Highlights & Insights

  • Transferring the cognitive economy principle from psychology to LLMs is both natural and effective — not every problem warrants deep deliberation.
  • The Specification + Idea structure of ICoT is better suited to code generation than general CoT — it abstracts algorithmic design rather than implementation steps.
  • The pattern of dynamic routing combined with dedicated reasoning paths is broadly applicable to other tasks that require varying depths of reasoning.

Limitations & Future Work

  • The difficulty classifier may misclassify problems — routing a complex task to the simple path can result in severe performance degradation.
  • The binary (Simple/Complex) categorization may be too coarse — finer-grained difficulty levels are needed.
  • ICoT quality depends on the LLM's algorithmic knowledge — it may fail for algorithms underrepresented in training data.
  • vs.
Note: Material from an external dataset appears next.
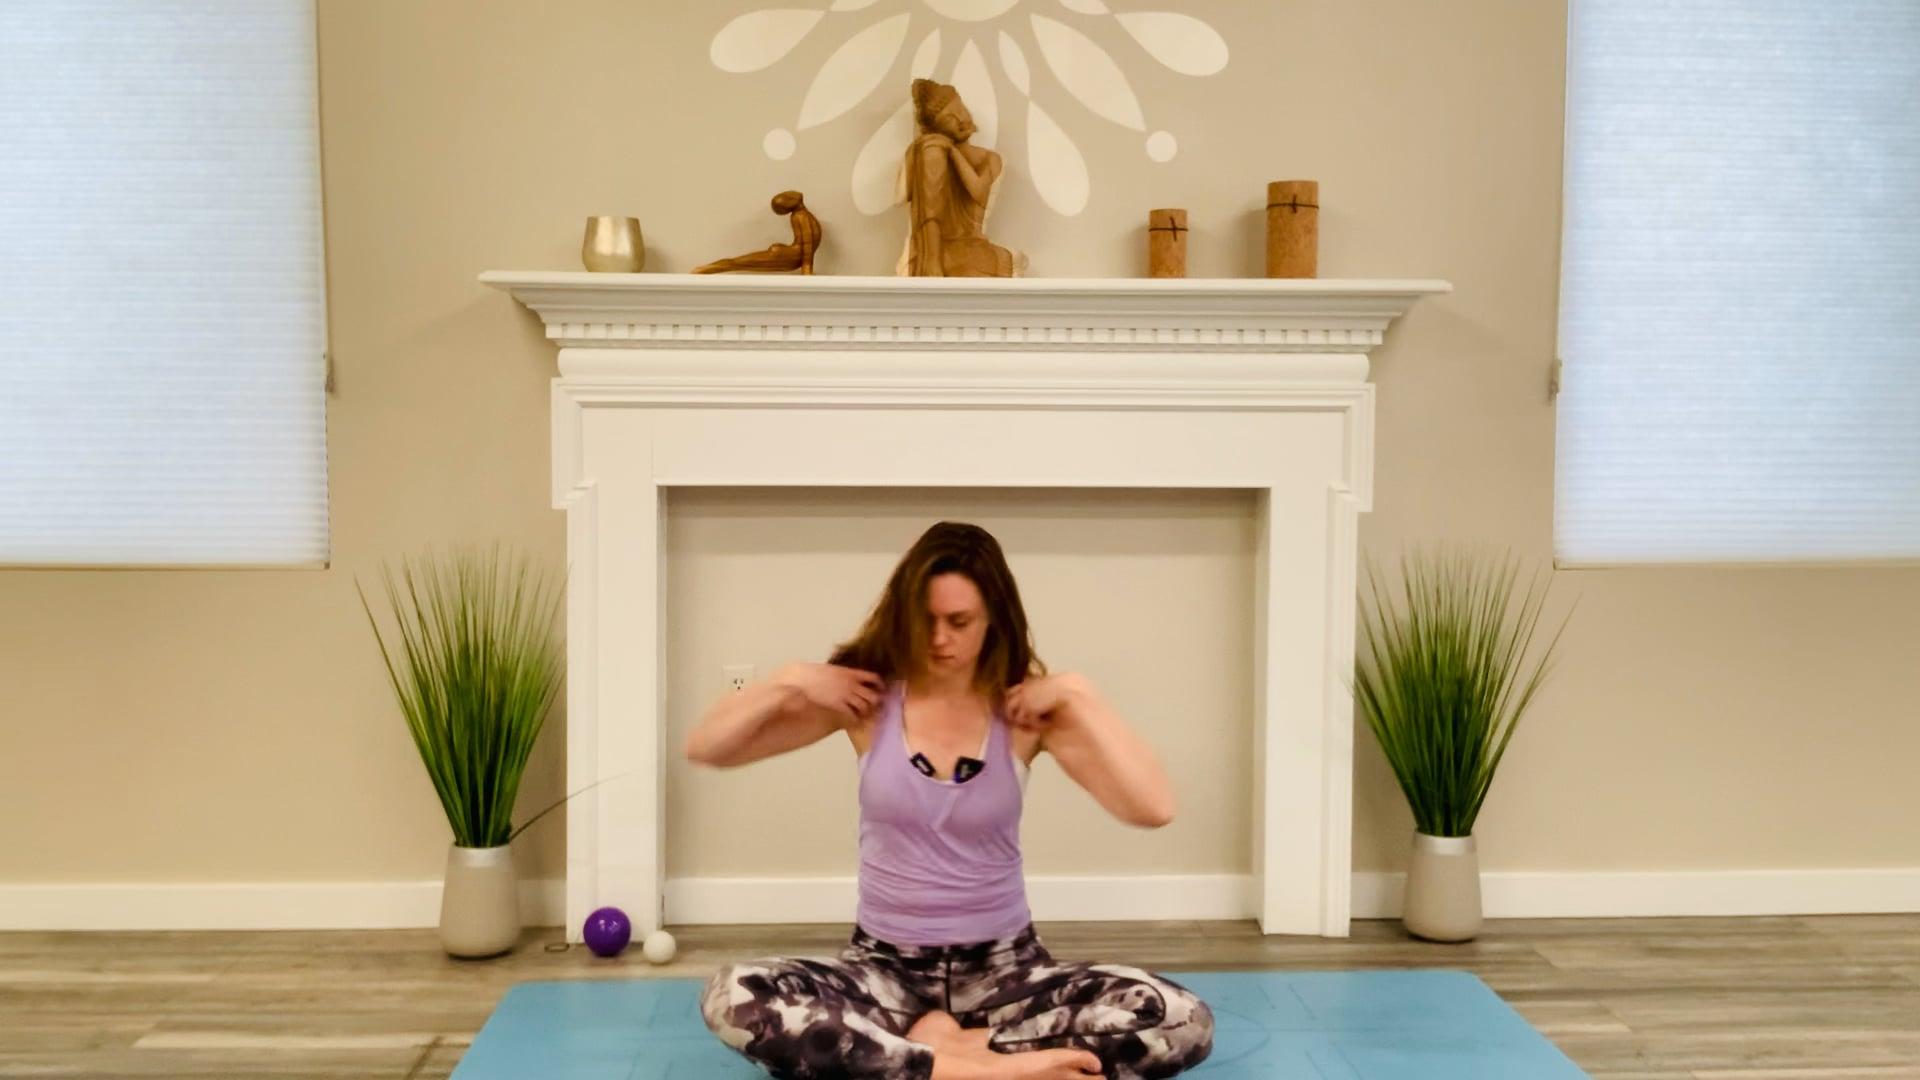 Nadi Method Shoulders & Neck 4-21-21 - 30 Minutes.mov

Self-Planning (Jiang et al.): Planning-style CoT without routing. RoutingGen adaptively selects the strategy.
  • vs. Scratchpad: Supports intermediate computation but lacks intent abstraction. ICoT operates at a higher level.
  • The routing + dedicated reasoning pattern is transferable to domains such as mathematical reasoning and scientific question answering.

Rating

  • Novelty: ⭐⭐⭐⭐ The combination of difficulty routing and intention CoT is creative.
  • Experimental Thoroughness: ⭐⭐⭐⭐ Three benchmarks, multiple baselines, ablation studies, and token analysis.
  • Writing Quality: ⭐⭐⭐⭐ The introduction of cognitive economy is natural and well-motivated.
  • Value: ⭐⭐⭐⭐ Practically valuable for efficient code generation.